Dans ces conditions, la vocation de la recherche pour le développement à aider à la formation d’un appareil scientifique au Sud, dans un cadre éthique rigoureux, doit donc être affichée comme une priorité. Le dispositif français a obtenu d’excellents résultats mais la France seule ne peut restaurer les systèmes de recherche et universitaires au Sud. Cette activité ne prendra tout son sens que si elle dispose de moyens bien supérieurs qui ne peuvent provenir que d’une forte mobilisation internationale devant, à tout le moins, s’exprimer au sein d’une coopération eurafricaine renforcée. Le bilan qu’a fait l’Unesco (United Nations Educational, Scientific and Cultural Organization, Organisation des Nations unies pour l’éducation, la science et la culture) sur la science en Afrique souligne en effet la détérioration particulière de l’état des sciences et techniques dans ce continent depuis la fin des années 1980 [6], dans un contexte où les nations africaines ne disposaient déjà que de faibles infrastructures scientifiques et ne possédaient pas une masse critique de chercheurs et d’ingénieurs pour leurs propres besoins.
Le premier objectif est de faciliter l’émergence de jeunes équipes et d’assurer la stabilité des scientifiques au sein des équipes confirmées. L’intérêt des plates-formes scientifiques, dotées de moyens technologiques modernes, doit être souligné pour lutter contre la délocalisation des équipes de recherche. La grande variabilité des potentiels scientifiques entre pays d’une même région plaide par ailleurs pour une stratégie privilégiant l’échelle régionale, en favorisant la complémentarité des activités scientifiques et en appuyant la mise en commun d’infrastructures. Sans entrer dans les détails d’une telle politique, la coopération scientifique doit passer d’une logique de transferts de savoirs à une logique de transferts de compétences et soutenir sans imposer, en prenant en compte les projets portés par les partenaires. Par ailleurs, il importe d’agir dans la durée, ce qui suppose une constance dans les différentes formes de soutien qui doivent se relayer dans le cadre d’une coordination entre les dispensateurs de ces aides, et ouvrir cette politique de soutien à un large réseau d’acteurs scientifiques et de coopération scientifique du Nord et du Sud, en mettant tout particulièrement l’accent sur les coopérations Sud-Sud.
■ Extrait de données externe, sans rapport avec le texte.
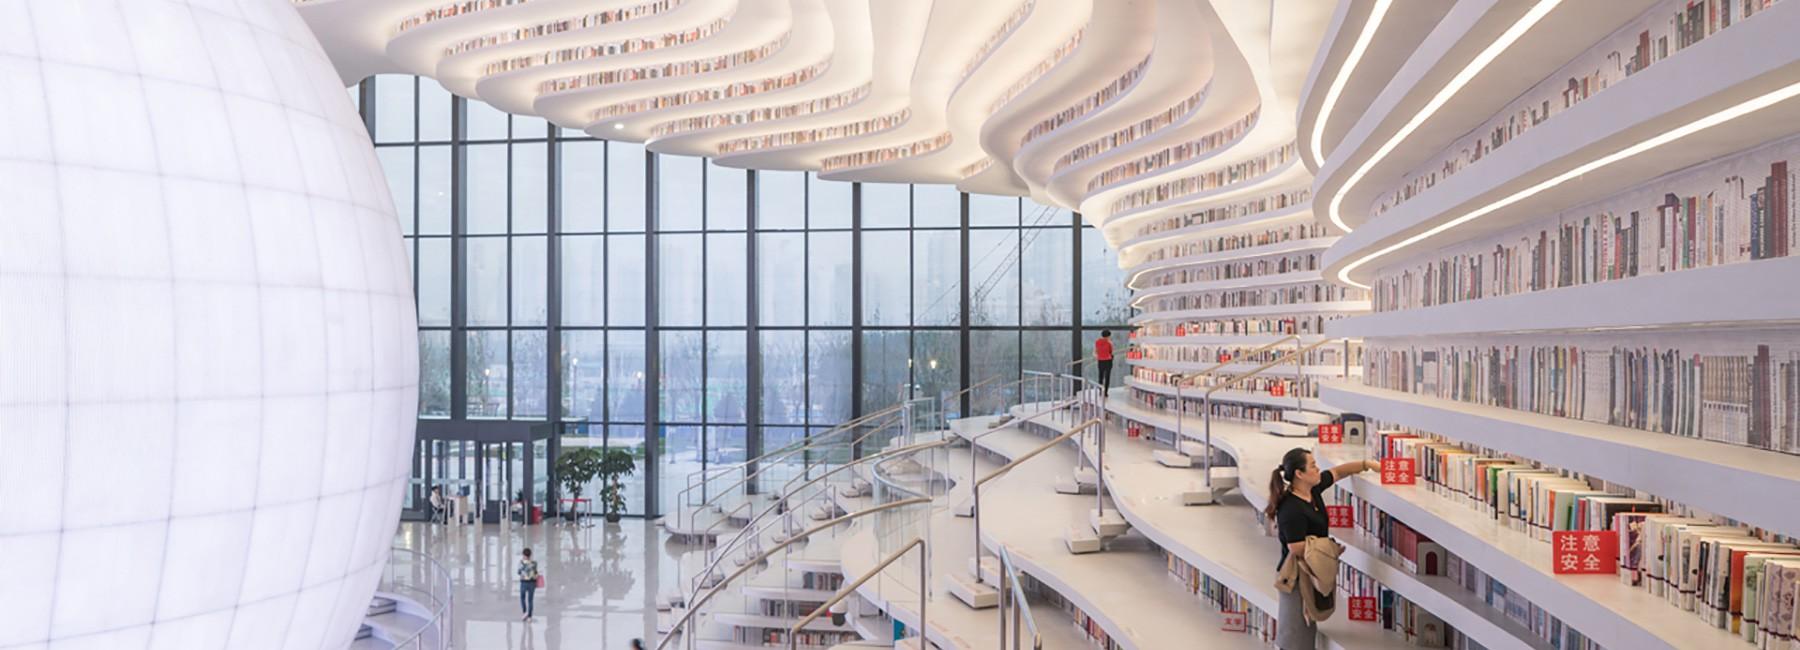 Ngắm thư viện đẹp nhất thế giới vừa được mở cửa tại Trung Quốc - Ảnh 9.

Cependant, il est clair que la majorité des pays en développement, et particulièrement les pays les moins avancés, ne disposeront pas avant longtemps des capacités de recherche suffisantes pour aborder seuls l’ensemble des problèmes auxquels ils sont confrontés. Au-delà de l’aide au renforcement et à la structuration des capacités de recherche, il faut donc mobiliser les communautés scientifiques des pays développés sur les questions de développement, notamment sous forme de partenariats avec des équipes de recherche du Sud sur de grands programmes finalisés.
 
Les grandes orientations de la recherche pour le développement après Johannesburg
 
 
Dans le contexte actuel de compétition scientifique et technologique, la production de connaissances, principalement le fait des pays industrialisés qui investissent massivement dans la recherche-développement, est surtout relative aux problèmes du Nord et aux problèmes d’environnement, même si certaines recherches portent sur le développement, pour lequel elles ont des retombées. A l’occasion du sommet de Johannesburg, le ministère de la Recherche avait commandité la réalisation d’un rapport intitulé La Science au service d’un développement durable, coordonné par l’IRD, qui regroupait les bilans des travaux effectués par seize organismes publics de recherche français depuis la tenue du sommet de Rio. La plupart de ces organismes se sont reconfigurés et ont connu des inflexions en termes de structure, de programmation et d’instrumentation au profit de recherches orientées vers le développement durable. En référence à ces grandes questions, il ressort que des avancées scientifiques significatives ont été accomplies, qui positionnent bien la recherche française sur les thèmes de "l’environnement" (changement climatique, biodiversité, prévision des risques naturels, santé et environnement, etc.). Cette position doit être maintenue, mais il convient désormais de mieux intégrer les dimensions économiques et sociales, en particulier des pays du Sud, qui ont été mises en avant à Johannesburg, traduisant véritablement le passage d’une conférence sur l’environnement et le développement à une conférence sur le développement durable. A la lecture du rapport, la ministre déléguée à la Recherche et aux Nouvelles technologies, Claudie Haigneré, a également jugé que le développement durable avait été jusqu’à présent trop limité à la préservation de l’environnement et a souhaité que l’on "élargisse le spectre". Cependant, on constate encore trop souvent la permanence d’une approche réductrice du développement durable, dans laquelle les questions environnementales font l’objet de l’essentiel des préoccupations, et d’une conception mécaniste de la recherche, qui se résumerait à la construction de modèles et d’indicateurs et à l’apport de solutions techniques.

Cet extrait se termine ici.